Le projet de la fresque, un travail de co-création et de tissages pluriels

Naissance du projet, accompagner le passage d’un lieu à l’autre

C’est auprès d’un public d’adultes handicapés que ce projet a vu le jour dans une des structures d’une institution médico-sociale de la région lyonnaise (Acolea AMPH Médico-social). Cette institution regroupe plusieurs établissements accueillant des adultes en situation de handicap. Handicap mental, déficiences intellectuelles, pathologies psychiatriques invalidantes survenues dans l’enfance… Les différentes solutions d’accueil proposées varient en fonction des degrés de handicap, d’autonomie et des besoins spécifiques de chacun.
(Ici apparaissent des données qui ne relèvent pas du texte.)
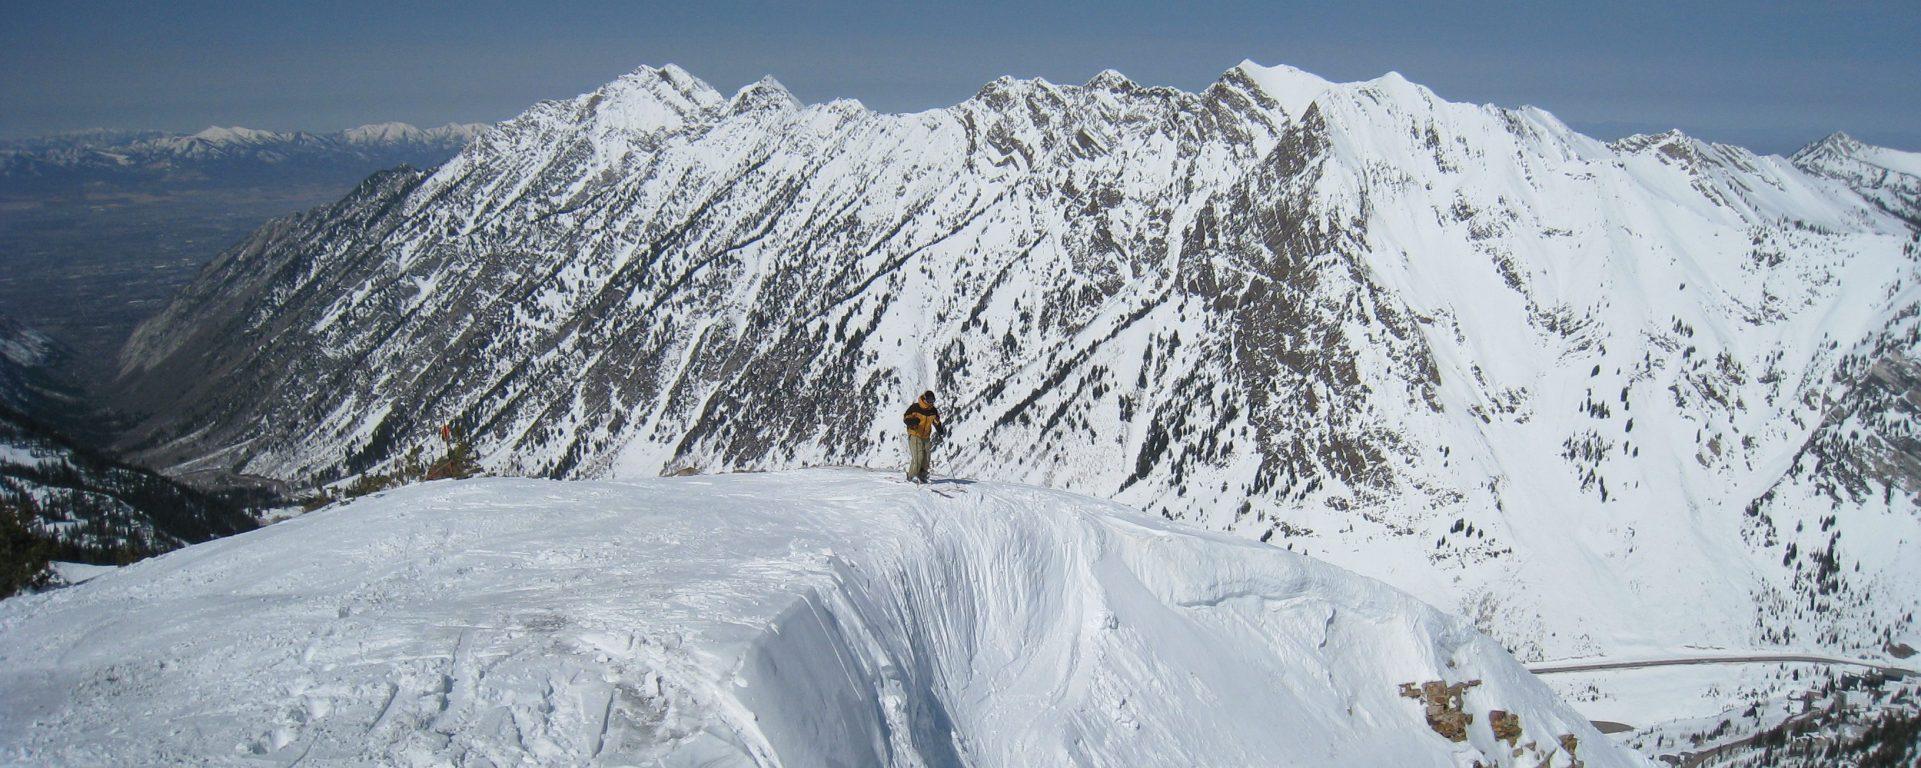 Mount Baldy's Main Chute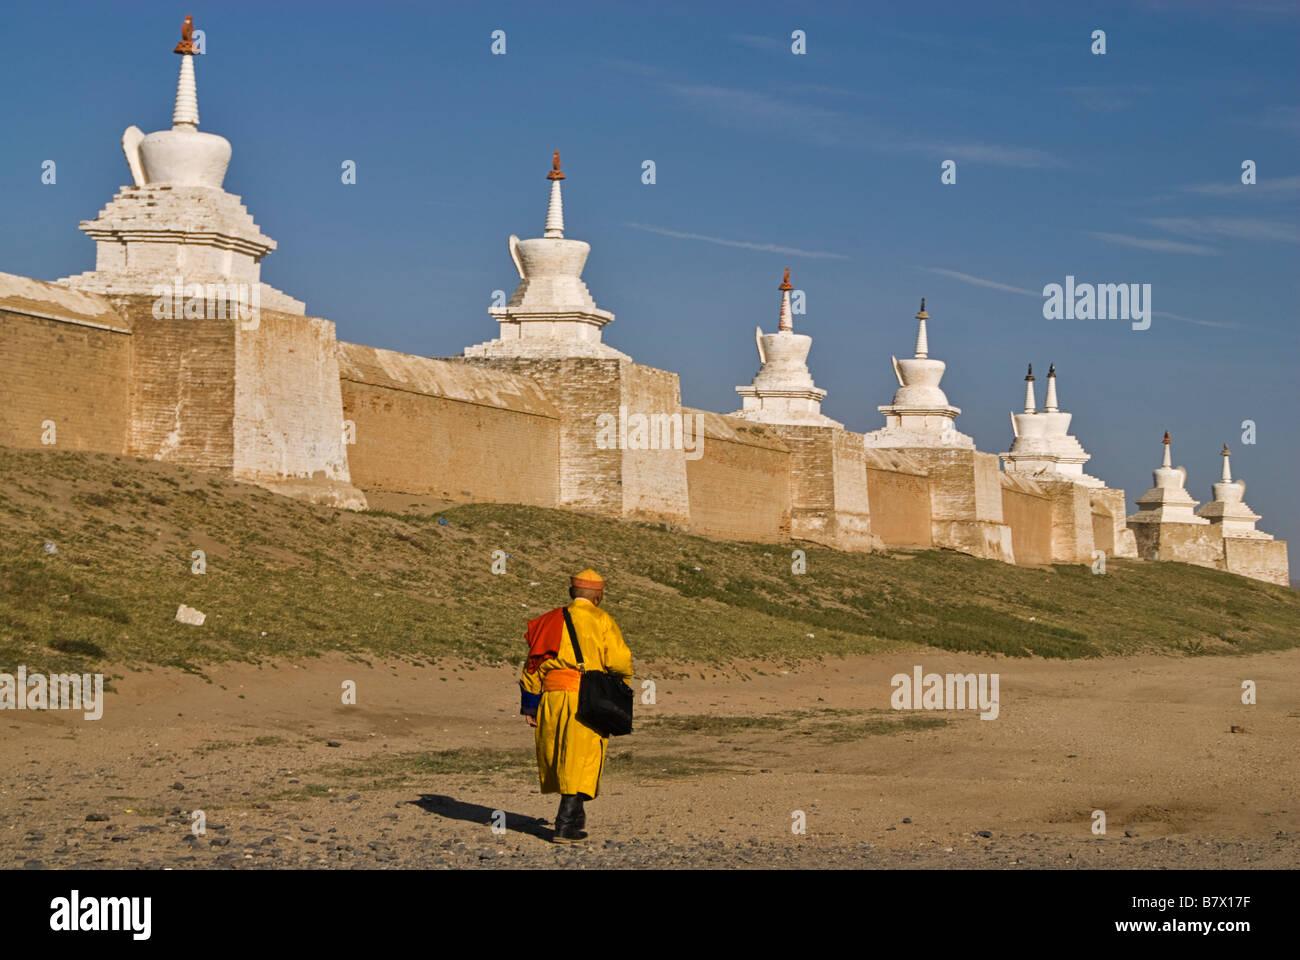 Buddhist monk nearby Erdene Zuu Khiid monastery Kharkhorin Karakorum Mongolia - Stock Image

Aux défauts de symbolisation très régulièrement repérés, s’ajoutent souvent des formes d’incapacité à être seul, et parfois une incapacité à se trouver avec les autres, susceptibles d’entraver durablement les projets vers l’autonomie. Au sein de l’institution médico-sociale, un lieu de vie en somme, c’est principalement une aide éducative qui est proposée pour soutenir et accompagner les projets de vie, de travail et d’ouverture sur le monde. La place de l’éducateur, primordiale, peut tout à fait s’apparenter à celle décrite par Freud quand il parle du Nebenmensch, caractérisant cet être humain proche, celui qui peut proposer une action spécifique (Freud, 1898). Même si cette description a concerné d’abord les besoins du petit humain néotène, la fonction du Nebenmensch représente aussi le fondement de la solidarité humaine (Rolland, 2023, p. 155).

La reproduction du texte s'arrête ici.